Work to complete - Could each record be restated word for word?

Data listing -
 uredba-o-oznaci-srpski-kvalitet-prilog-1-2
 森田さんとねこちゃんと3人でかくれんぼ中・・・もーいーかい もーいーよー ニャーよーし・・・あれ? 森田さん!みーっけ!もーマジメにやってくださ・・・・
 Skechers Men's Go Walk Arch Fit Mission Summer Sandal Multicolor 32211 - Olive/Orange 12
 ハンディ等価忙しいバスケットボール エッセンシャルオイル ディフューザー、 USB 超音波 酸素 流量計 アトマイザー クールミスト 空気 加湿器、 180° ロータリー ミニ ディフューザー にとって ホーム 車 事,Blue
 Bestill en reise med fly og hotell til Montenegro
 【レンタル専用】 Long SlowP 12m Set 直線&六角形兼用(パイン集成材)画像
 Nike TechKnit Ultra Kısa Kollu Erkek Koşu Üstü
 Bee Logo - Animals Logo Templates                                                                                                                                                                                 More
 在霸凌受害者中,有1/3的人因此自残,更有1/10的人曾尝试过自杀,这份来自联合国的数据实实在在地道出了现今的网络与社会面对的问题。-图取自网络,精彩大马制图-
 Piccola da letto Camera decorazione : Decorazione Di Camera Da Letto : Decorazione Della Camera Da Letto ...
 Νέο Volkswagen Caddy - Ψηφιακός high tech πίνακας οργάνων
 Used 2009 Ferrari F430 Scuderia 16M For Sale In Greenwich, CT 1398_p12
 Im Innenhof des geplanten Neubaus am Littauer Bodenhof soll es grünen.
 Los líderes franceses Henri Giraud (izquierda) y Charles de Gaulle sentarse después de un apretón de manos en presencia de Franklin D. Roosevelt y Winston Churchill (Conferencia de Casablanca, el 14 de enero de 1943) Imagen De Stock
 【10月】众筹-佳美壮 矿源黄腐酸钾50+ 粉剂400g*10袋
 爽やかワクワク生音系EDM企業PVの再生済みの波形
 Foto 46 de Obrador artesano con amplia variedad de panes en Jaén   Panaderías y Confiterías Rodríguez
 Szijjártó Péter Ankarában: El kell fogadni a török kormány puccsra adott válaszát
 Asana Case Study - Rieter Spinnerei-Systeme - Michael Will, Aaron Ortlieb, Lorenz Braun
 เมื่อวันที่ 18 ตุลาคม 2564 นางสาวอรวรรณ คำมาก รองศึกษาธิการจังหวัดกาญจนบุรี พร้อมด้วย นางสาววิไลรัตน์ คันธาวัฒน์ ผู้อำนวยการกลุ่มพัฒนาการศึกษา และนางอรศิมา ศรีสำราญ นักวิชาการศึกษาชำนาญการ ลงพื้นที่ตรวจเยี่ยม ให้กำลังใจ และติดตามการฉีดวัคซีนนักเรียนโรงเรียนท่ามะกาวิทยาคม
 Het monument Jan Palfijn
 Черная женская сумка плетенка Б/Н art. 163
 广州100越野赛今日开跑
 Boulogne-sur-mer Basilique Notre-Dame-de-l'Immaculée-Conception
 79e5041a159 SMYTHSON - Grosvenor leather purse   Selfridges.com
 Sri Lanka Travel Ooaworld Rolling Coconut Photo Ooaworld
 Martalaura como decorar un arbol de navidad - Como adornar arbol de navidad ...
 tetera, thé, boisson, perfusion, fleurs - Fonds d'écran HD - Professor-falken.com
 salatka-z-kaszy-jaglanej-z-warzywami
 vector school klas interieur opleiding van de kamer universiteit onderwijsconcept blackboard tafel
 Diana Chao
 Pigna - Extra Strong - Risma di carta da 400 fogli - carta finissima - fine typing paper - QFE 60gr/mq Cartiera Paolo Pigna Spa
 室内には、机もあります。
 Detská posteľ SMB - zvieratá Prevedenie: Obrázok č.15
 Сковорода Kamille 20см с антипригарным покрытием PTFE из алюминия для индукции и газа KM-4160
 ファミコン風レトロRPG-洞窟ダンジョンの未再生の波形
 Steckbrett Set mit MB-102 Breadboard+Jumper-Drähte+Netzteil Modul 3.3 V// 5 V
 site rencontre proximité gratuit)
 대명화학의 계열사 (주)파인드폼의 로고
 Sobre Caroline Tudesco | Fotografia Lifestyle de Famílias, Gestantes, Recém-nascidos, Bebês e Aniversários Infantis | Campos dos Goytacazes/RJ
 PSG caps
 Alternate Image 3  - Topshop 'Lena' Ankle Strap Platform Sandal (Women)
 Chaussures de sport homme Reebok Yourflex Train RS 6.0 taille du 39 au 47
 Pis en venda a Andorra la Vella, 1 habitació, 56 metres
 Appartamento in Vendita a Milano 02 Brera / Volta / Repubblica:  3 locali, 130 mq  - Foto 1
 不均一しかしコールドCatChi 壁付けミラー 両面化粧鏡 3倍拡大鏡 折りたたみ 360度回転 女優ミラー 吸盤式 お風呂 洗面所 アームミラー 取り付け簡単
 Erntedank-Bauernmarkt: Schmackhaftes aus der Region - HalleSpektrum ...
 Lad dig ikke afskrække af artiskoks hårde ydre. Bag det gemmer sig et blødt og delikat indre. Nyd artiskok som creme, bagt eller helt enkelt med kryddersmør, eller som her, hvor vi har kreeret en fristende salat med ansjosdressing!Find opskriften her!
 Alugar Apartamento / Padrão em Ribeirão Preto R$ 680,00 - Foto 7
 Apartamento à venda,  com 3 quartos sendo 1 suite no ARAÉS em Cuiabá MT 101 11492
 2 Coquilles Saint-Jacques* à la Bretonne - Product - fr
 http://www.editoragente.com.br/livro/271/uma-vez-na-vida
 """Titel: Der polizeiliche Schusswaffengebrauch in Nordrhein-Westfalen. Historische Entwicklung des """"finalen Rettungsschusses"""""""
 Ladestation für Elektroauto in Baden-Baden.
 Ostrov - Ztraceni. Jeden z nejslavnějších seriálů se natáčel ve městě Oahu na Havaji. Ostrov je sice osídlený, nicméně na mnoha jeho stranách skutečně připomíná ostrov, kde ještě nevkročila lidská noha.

Solution to this task -
 uredba-o-oznaci-srpski-kvalitet-prilog-1-2
 森田さんとねこちゃんと3人でかくれんぼ中・・・もーいーかい もーいーよー ニャーよーし・・・あれ? 森田さん!みーっけ!もーマジメにやってくださ・・・・
 Skechers Men's Go Walk Arch Fit Mission Summer Sandal Multicolor 32211 - Olive/Orange 12
 ハンディ等価忙しいバスケットボール エッセンシャルオイル ディフューザー、 USB 超音波 酸素 流量計 アトマイザー クールミスト 空気 加湿器、 180° ロータリー ミニ ディフューザー にとって ホーム 車 事,Blue
 Bestill en reise med fly og hotell til Montenegro
 【レンタル専用】 Long SlowP 12m Set 直線&六角形兼用(パイン集成材)画像
 Nike TechKnit Ultra Kısa Kollu Erkek Koşu Üstü
 Bee Logo - Animals Logo Templates                                                                                                                                                                                 More
 在霸凌受害者中,有1/3的人因此自残,更有1/10的人曾尝试过自杀,这份来自联合国的数据实实在在地道出了现今的网络与社会面对的问题。-图取自网络,精彩大马制图-
 Piccola da letto Camera decorazione : Decorazione Di Camera Da Letto : Decorazione Della Camera Da Letto ...
 Νέο Volkswagen Caddy - Ψηφιακός high tech πίνακας οργάνων
 Used 2009 Ferrari F430 Scuderia 16M For Sale In Greenwich, CT 1398_p12
 Im Innenhof des geplanten Neubaus am Littauer Bodenhof soll es grünen.
 Los líderes franceses Henri Giraud (izquierda) y Charles de Gaulle sentarse después de un apretón de manos en presencia de Franklin D. Roosevelt y Winston Churchill (Conferencia de Casablanca, el 14 de enero de 1943) Imagen De Stock
 【10月】众筹-佳美壮 矿源黄腐酸钾50+ 粉剂400g*10袋
 爽やかワクワク生音系EDM企業PVの再生済みの波形
 Foto 46 de Obrador artesano con amplia variedad de panes en Jaén   Panaderías y Confiterías Rodríguez
 Szijjártó Péter Ankarában: El kell fogadni a török kormány puccsra adott válaszát
 Asana Case Study - Rieter Spinnerei-Systeme - Michael Will, Aaron Ortlieb, Lorenz Braun
 เมื่อวันที่ 18 ตุลาคม 2564 นางสาวอรวรรณ คำมาก รองศึกษาธิการจังหวัดกาญจนบุรี พร้อมด้วย นางสาววิไลรัตน์ คันธาวัฒน์ ผู้อำนวยการกลุ่มพัฒนาการศึกษา และนางอรศิมา ศรีสำราญ นักวิชาการศึกษาชำนาญการ ลงพื้นที่ตรวจเยี่ยม ให้กำลังใจ และติดตามการฉีดวัคซีนนักเรียนโรงเรียนท่ามะกาวิทยาคม
 Het monument Jan Palfijn
 Черная женская сумка плетенка Б/Н art. 163
 广州100越野赛今日开跑
 Boulogne-sur-mer Basilique Notre-Dame-de-l'Immaculée-Conception
 79e5041a159 SMYTHSON - Grosvenor leather purse   Selfridges.com
 Sri Lanka Travel Ooaworld Rolling Coconut Photo Ooaworld
 Martalaura como decorar un arbol de navidad - Como adornar arbol de navidad ...
 tetera, thé, boisson, perfusion, fleurs - Fonds d'écran HD - Professor-falken.com
 salatka-z-kaszy-jaglanej-z-warzywami
 vector school klas interieur opleiding van de kamer universiteit onderwijsconcept blackboard tafel
 Diana Chao
 Pigna - Extra Strong - Risma di carta da 400 fogli - carta finissima - fine typing paper - QFE 60gr/mq Cartiera Paolo Pigna Spa
 室内には、机もあります。
 Detská posteľ SMB - zvieratá Prevedenie: Obrázok č.15
 Сковорода Kamille 20см с антипригарным покрытием PTFE из алюминия для индукции и газа KM-4160
 ファミコン風レトロRPG-洞窟ダンジョンの未再生の波形
 Steckbrett Set mit MB-102 Breadboard+Jumper-Drähte+Netzteil Modul 3.3 V// 5 V
 site rencontre proximité gratuit)
 대명화학의 계열사 (주)파인드폼의 로고
 Sobre Caroline Tudesco | Fotografia Lifestyle de Famílias, Gestantes, Recém-nascidos, Bebês e Aniversários Infantis | Campos dos Goytacazes/RJ
 PSG caps
 Alternate Image 3  - Topshop 'Lena' Ankle Strap Platform Sandal (Women)
 Chaussures de sport homme Reebok Yourflex Train RS 6.0 taille du 39 au 47
 Pis en venda a Andorra la Vella, 1 habitació, 56 metres
 Appartamento in Vendita a Milano 02 Brera / Volta / Repubblica:  3 locali, 130 mq  - Foto 1
 不均一しかしコールドCatChi 壁付けミラー 両面化粧鏡 3倍拡大鏡 折りたたみ 360度回転 女優ミラー 吸盤式 お風呂 洗面所 アームミラー 取り付け簡単
 Erntedank-Bauernmarkt: Schmackhaftes aus der Region - HalleSpektrum ...
 Lad dig ikke afskrække af artiskoks hårde ydre. Bag det gemmer sig et blødt og delikat indre. Nyd artiskok som creme, bagt eller helt enkelt med kryddersmør, eller som her, hvor vi har kreeret en fristende salat med ansjosdressing!Find opskriften her!
 Alugar Apartamento / Padrão em Ribeirão Preto R$ 680,00 - Foto 7
 Apartamento à venda,  com 3 quartos sendo 1 suite no ARAÉS em Cuiabá MT 101 11492
 2 Coquilles Saint-Jacques* à la Bretonne - Product - fr
 http://www.editoragente.com.br/livro/271/uma-vez-na-vida
 """Titel: Der polizeiliche Schusswaffengebrauch in Nordrhein-Westfalen. Historische Entwicklung des """"finalen Rettungsschusses"""""""
 Ladestation für Elektroauto in Baden-Baden.
 Ostrov - Ztraceni. Jeden z nejslavnějších seriálů se natáčel ve městě Oahu na Havaji. Ostrov je sice osídlený, nicméně na mnoha jeho stranách skutečně připomíná ostrov, kde ještě nevkročila lidská noha.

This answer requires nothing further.